Zhu Ting, Fang Li-yan, Xie Xin
The National Center for Drug Screening, Chinese Academy of Sciences, Shanghai 201203, China.
Acta Pharmacol Sin. 2008 Apr;29(4):507-16. doi: 10.1111/j.1745-7254.2008.00775.x.
To develop a universal high-throughput screening assay based on Galpha15/16- mediated calcium mobilization for the identification of novel modulators of Gprotein- coupled receptors (GPCR).
In the present study, CHO-K1 or HEK293 cells were co-transfected with plasmids encoding promiscuous G-protein Galpha15/16 and various receptors originally coupled to Galphas, Galphai, or Galphaq pathways. Intracellular calcium change was monitored with fluorescent dye Fluo-4.
We found out for all the receptors tested, Galpha15/16 could shift the receptorso coupling to the calcium mobilization pathway, and the EC50 values of the ligands generated with this method were comparable with reported values that were obtained using traditional methods. This assay was validated and optimized with the zeta-opioid receptor, which originally coupled to Galphai and was recently found to play important roles in neurodegenerative and autoimmune diseases. A largescale screening of 48 000 compounds was performed based on this system. Several new modulators were identified and confirmed with the traditional GTPgammaS binding assay.
This cell-based calcium assay was proved to be robust and easy to automate, and could be used as a universal method in searching for GPCR modulators.
开发一种基于Gα15/16介导的钙动员的通用高通量筛选测定法,用于鉴定G蛋白偶联受体(GPCR)的新型调节剂。

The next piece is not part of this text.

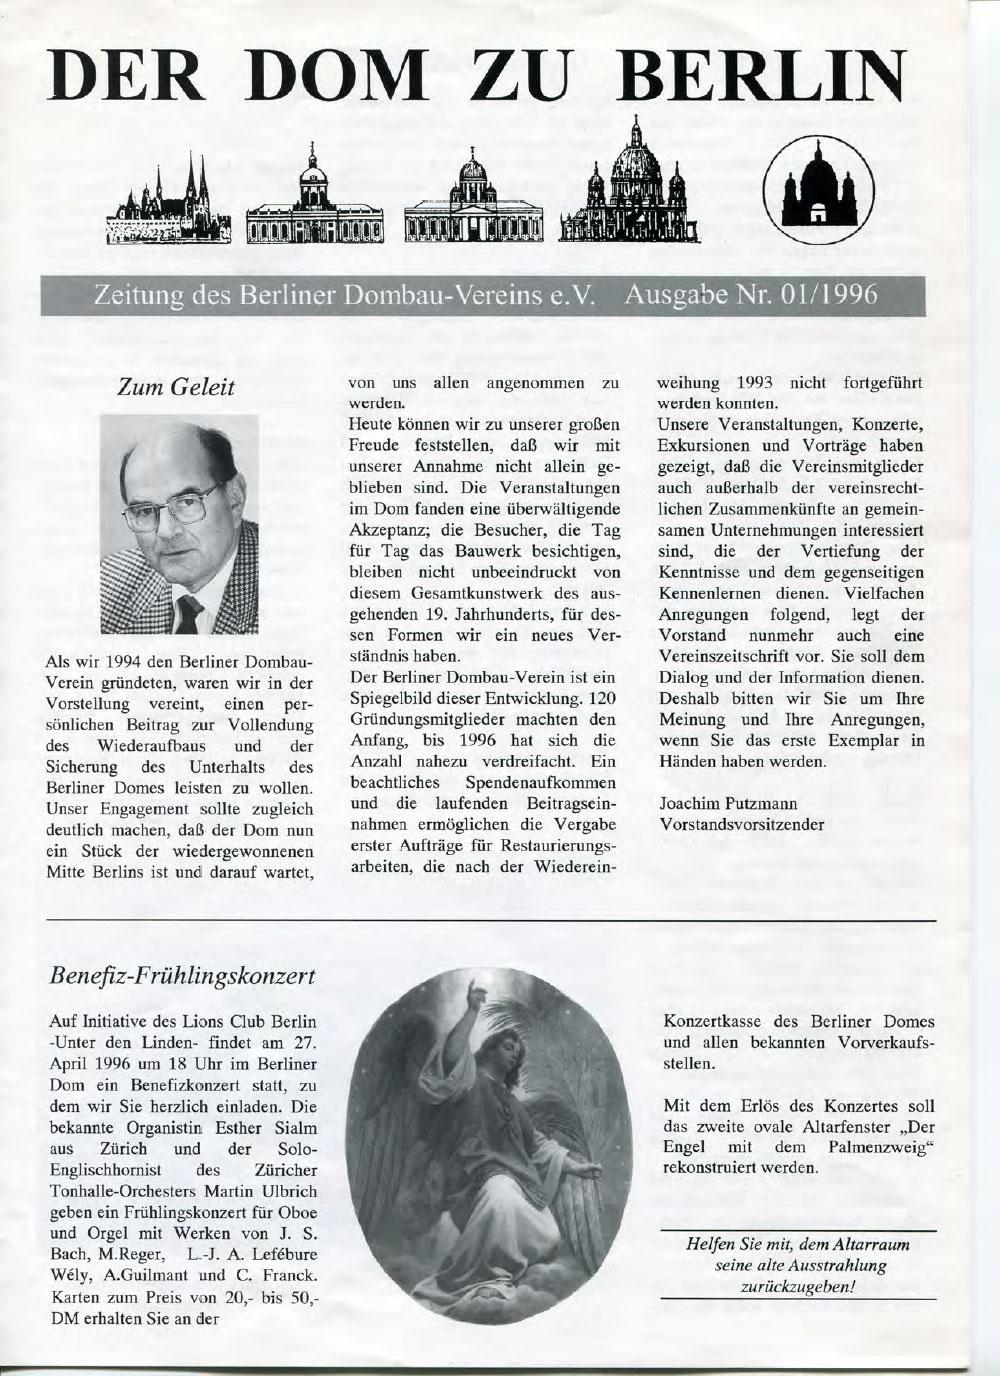 Dombau-Verein-Berlin Zeitung 01

在本研究中,将编码通用G蛋白Gα15/16和最初与Gαs、Gαi或Gαq途径偶联的各种受体的质粒共转染到CHO-K1或HEK293细胞中。用荧光染料Fluo-4监测细胞内钙变化。
我们发现,对于所有测试的受体,Gα15/16可将受体偶联转移至钙动员途径,且用该方法产生的配体的半数有效浓度(EC50)值与使用传统方法获得的报道值相当。用ζ-阿片受体对该测定法进行了验证和优化,ζ-阿片受体最初与Gαi偶联,最近发现其在神经退行性疾病和自身免疫性疾病中起重要作用。基于该系统对48000种化合物进行了大规模筛选。通过传统的GTPγS结合测定法鉴定并确认了几种新的调节剂。
这种基于细胞的钙测定法被证明是可靠且易于自动化的,可作为寻找GPCR调节剂的通用方法。